Responding first to the general approach to good-enough alignment:
I think I would agree with this if you said “optimization that’s at or below human level” rather than “not ridiculously far above”.
Humans can be terrifying. The prospect of a system slightly smarter than any human who has ever lived, with values that are just somewhat wrong, seems not great.
Less important response: If by “not great” you mean “existentially risky”, then I think you need to explain why the smartest / most powerful historical people with now-horrifying values did not constitute an existential risk.
My real objection: Your claim is about what happens after you’ve already failed, in some sense—you’re starting from the assumption that you’ve deployed a misaligned agent. From my perspective, you need to start from a story in which we’re designing an AI system, that will eventually have let’s say “5x the intelligence of a human”, whatever that means, but we get to train that system however we want. We can inspect its thought patterns, spend lots of time evaluating its decisions, test what it would do in hypothetical situations, use earlier iterations of the tool to help understand later iterations, etc. My claim is that whatever bad optimization “sneaks through” this design process is probably not going to have much impact on the agent’s performance, or we would have already caught it.
Possibly related: I don’t like thinking of this in terms of how “wrong” the values are, because that doesn’t allow you to make distinctions about whether behaviors have already been seen at training or not.
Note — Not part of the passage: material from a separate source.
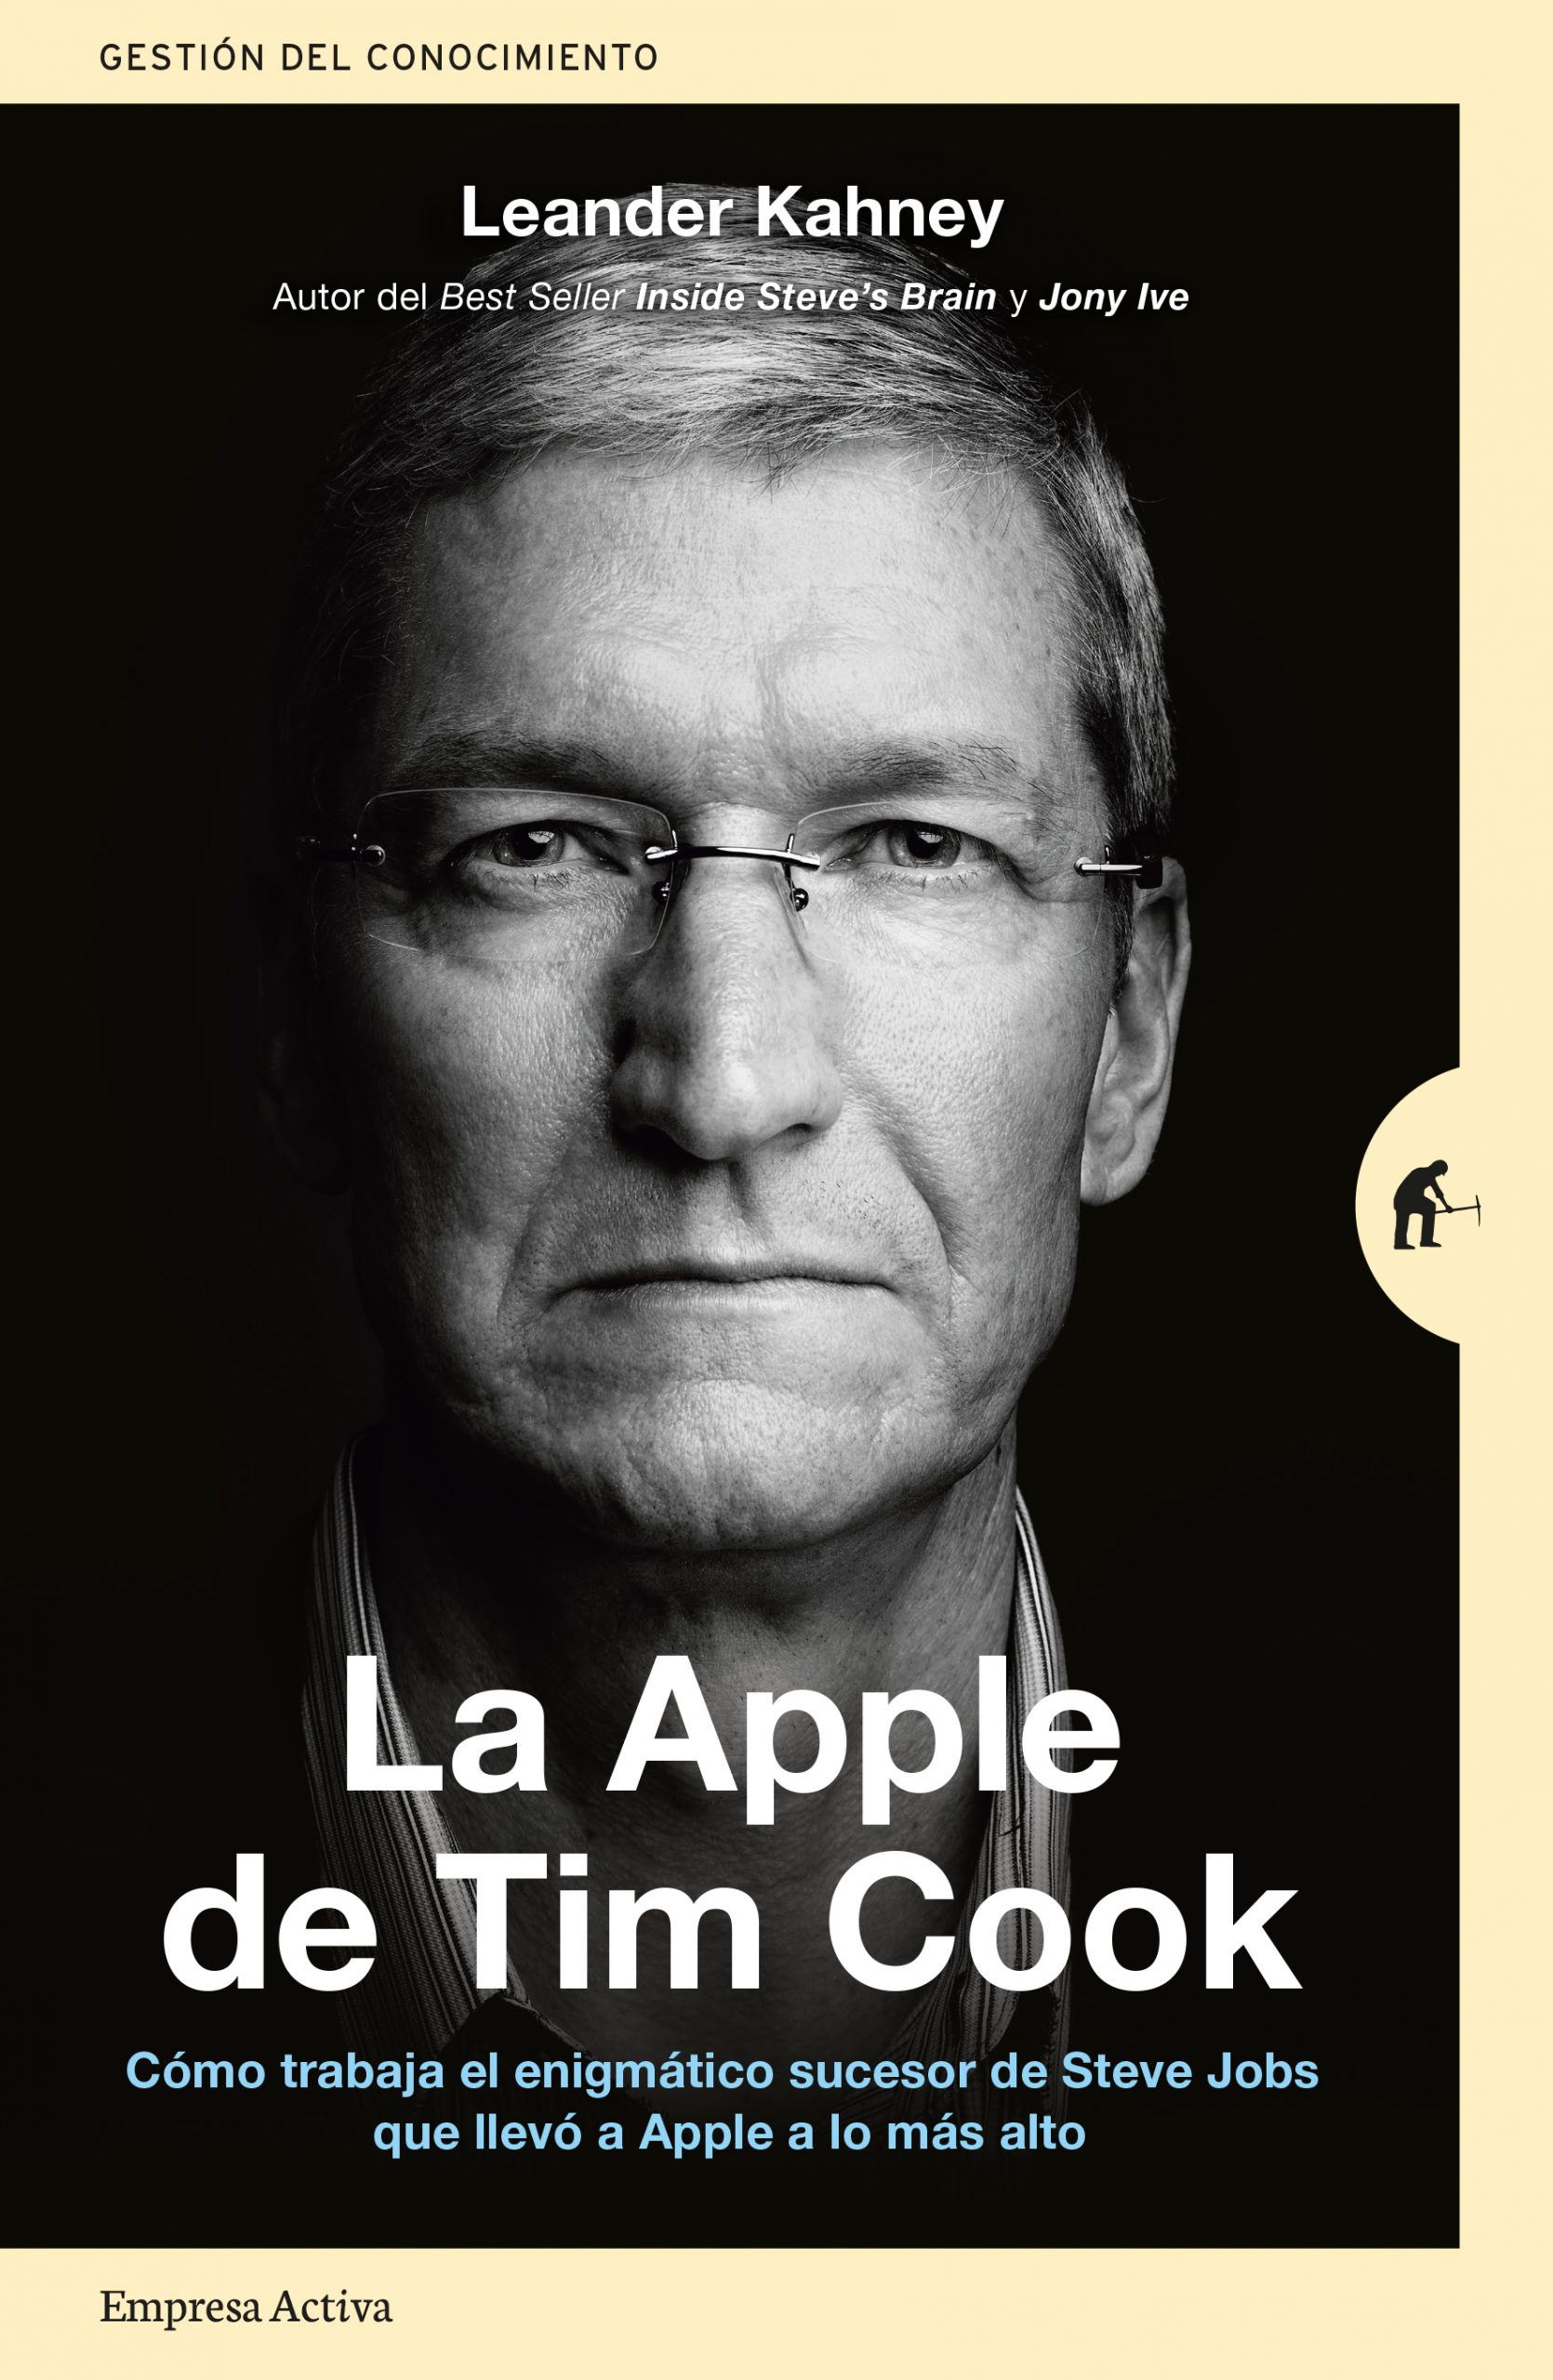 Portada del libro La Apple de Tim Cook, escrito por Leander Kahney.

But really, mainly, I was making the normative claim. A culture of safety is not one in which “it’s probably fine” is allowed as part of any real argument. Any time someone is tempted to say “it’s probably fine”, it should be replaced with an actual estimate of the probability, or a hopeful statement that combined with other research it could provide high enough confidence (with some specific sketch of what that other research would be), or something along those lines. You cannot build reliable knowledge out of many many “it’s probably fine” arguments; so at best you should carefully count how many you allow yourself.
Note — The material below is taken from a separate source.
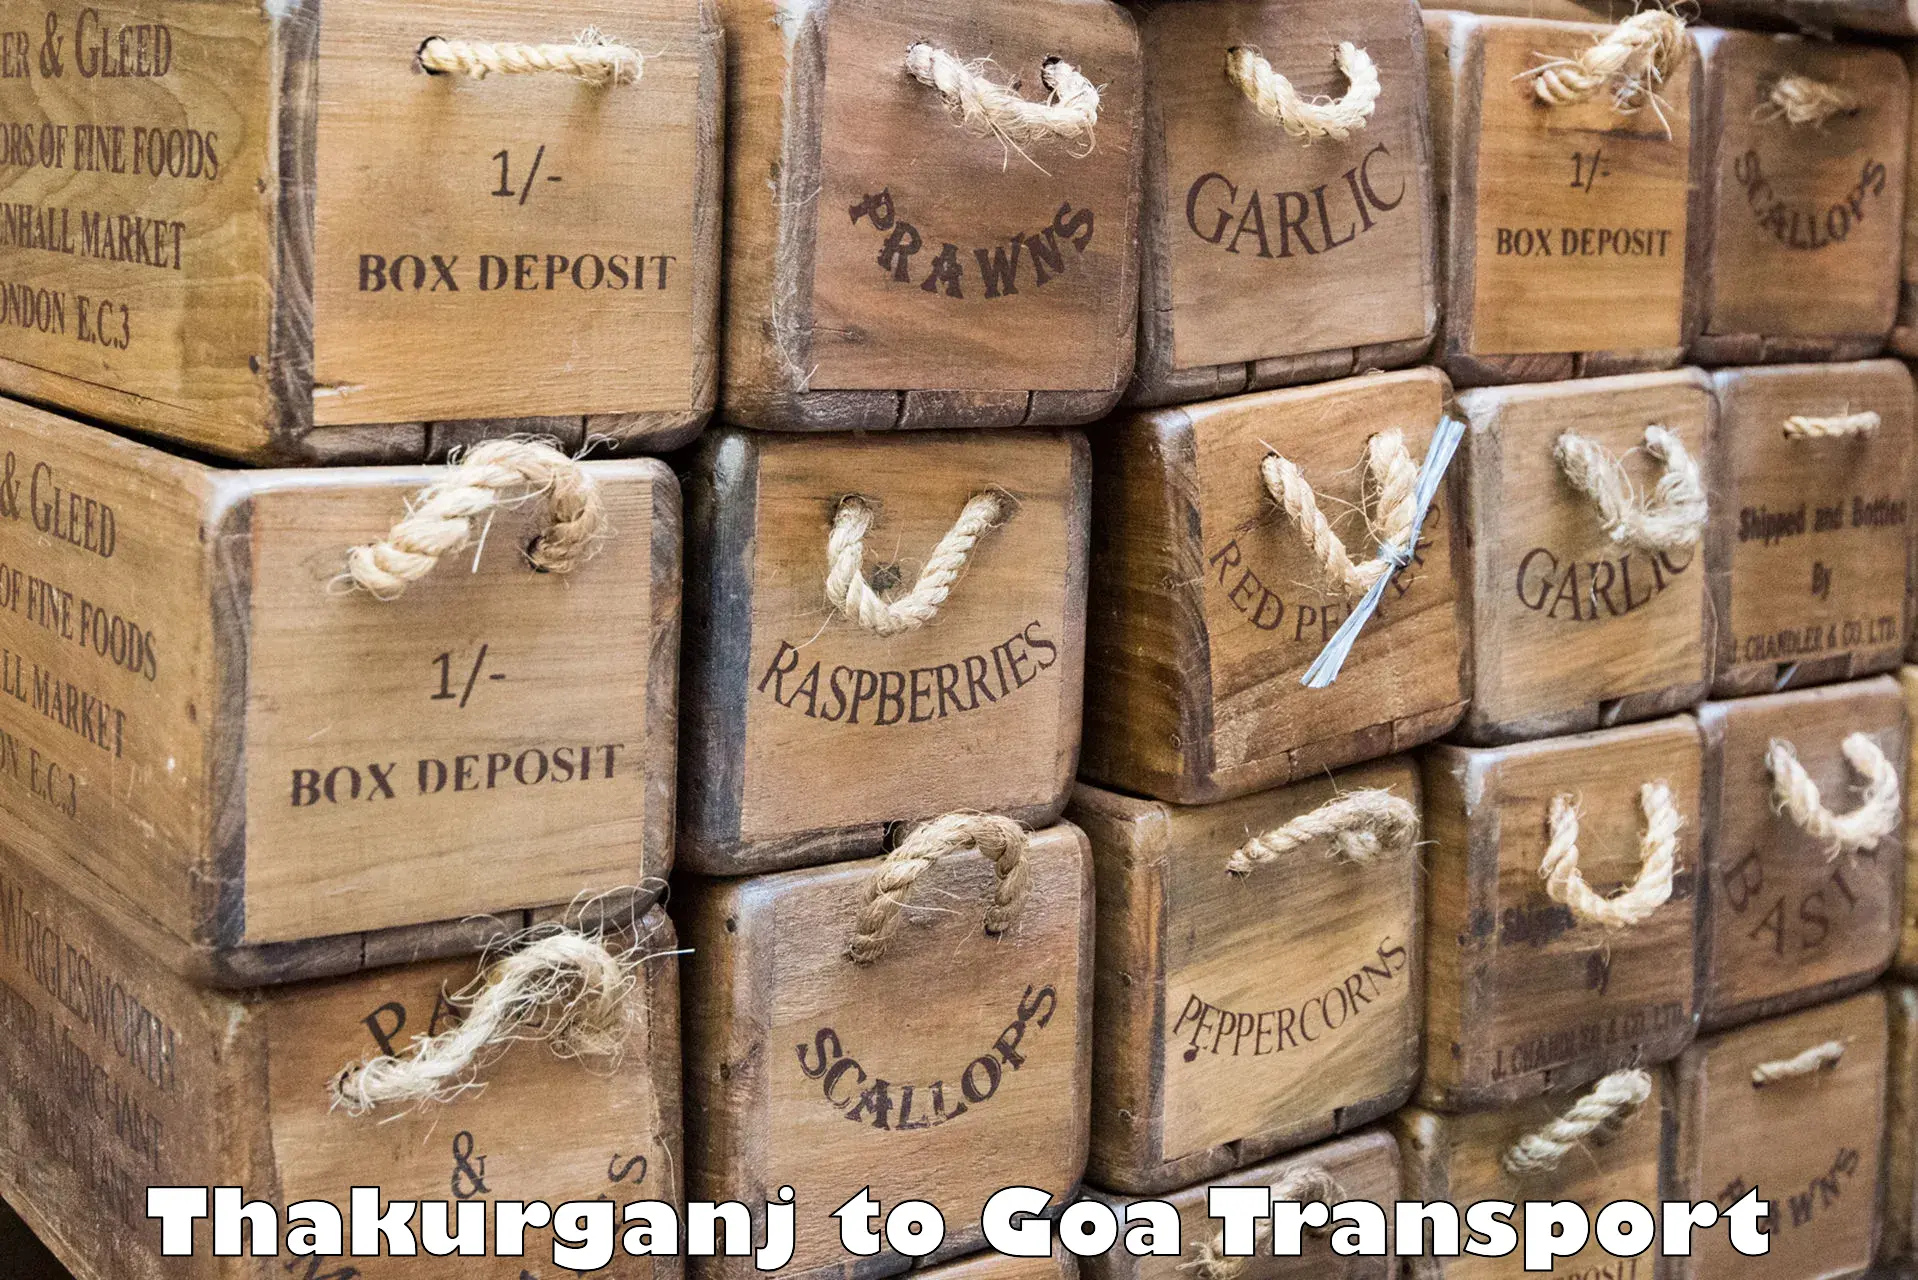 Transport shared services Thakurganj to Vasco da Gama

A relevant empirical claim sitting behind this normative intuition is something like: “without such a culture of safety, humans have a tendency to slide into whatever they can get away with, rather than upholding safety standards”.
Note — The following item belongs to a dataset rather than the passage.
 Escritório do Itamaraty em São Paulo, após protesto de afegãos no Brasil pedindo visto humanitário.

If your claim is just that “we’re probably fine” is not enough evidence for an argument, I certainly agree with that. That was an offhand remark in an opinion in a newsletter where words are at a premium; I obviously hope to do better than that in reality.
This all seems pretty closely related to Eliezer’swriting on security mindset.
Some thoughts here:
I am unconvinced that we need a solution that satisfies a security-mindset perspective, rather than one that satisfies an ordinary-paranoia perspective. (A crucial point here is that the goal is not to build adversarial optimizers in the first place, rather than defending against adversarial optimization.) As far as I can tell the argument for this claim is… a few fictional parables? (Readers: Before I get flooded with examples of failures where security mindset could have helped, let me note that I will probably not be convinced by this unless you can also account for the selection bias in those examples.)
I don’t really see why the ML-based approaches don’t satisfy the requirement of being based on security mindset. (I agree “we’re probably fine” does not satisfy that requirement.) Note that there isn’t a solution that is maximally security-mindset-y, the way I understand the phrase (while still building superintelligent systems). A simple argument: we always have to specify something (code if nothing else); that something could be misspecified. So here I’m just claiming that ML-based approaches seem like they can be “sufficiently” security-mindset-y.
I might be completely misunderstanding the point Eliezer is trying to make, because it’s stated as a metaphor / parable instead of just stating the thing directly (and a clear and obvious disanalogy is that we are dealing with the construction of optimizers, rather than the construction of artifacts that must function in the presence of optimization).
This seems like a pretty big disagreement, which I don’t expect to properly address with this comment. However, it seems a shame not to try to make any progress on it, so here are some remarks.
Less important response: If by “not great” you mean “existentially risky”, then I think you need to explain why the smartest / most powerful historical people with now-horrifying values did not constitute an existential risk.
My answer to this would be, mainly because they weren’t living in times as risky as ours; for example, they were not born and raised in a literal AGI lab (which the hypothetical system would be).
My real objection: Your claim is about what happens after you’ve already failed, in some sense—you’re starting from the assumption that you’ve deployed a misaligned agent. From my perspective, you need to start from a story in which we’re designing an AI system, that will eventually have let’s say “5x the intelligence of a human”, whatever that means, but we get to train that system however we want.
The scenario we were discussing was one where robustness to scale is ignored as a criteria, so my concern is that the system turns out more intelligent than expected, and hence, tools like EG asking earlier iterations of the same system to help examine the cognition may fail. If you’re pretty confident that your alignment strategy is sufficient for 5x human, then you have to be pretty confident that the system is indeed 5x human. This can be difficult due to the difference between task performance and the intelligence of inner optimisers. For example, GPT-3 can mimic humans moderately well (very impressive by today’s standards, obviously, but moderately well in the grand scope of things). However, it can mimic a variety of humans, in a way that’s in some sense much better than any one human. This makes it obvious that GPT-3 is smarter than it lets on; it’s “playing dumb”. Presumably this is what led Ajeya to predict that GPT-3 can offer better medical advice than any doctor (if only we could get it to stop playing dumb).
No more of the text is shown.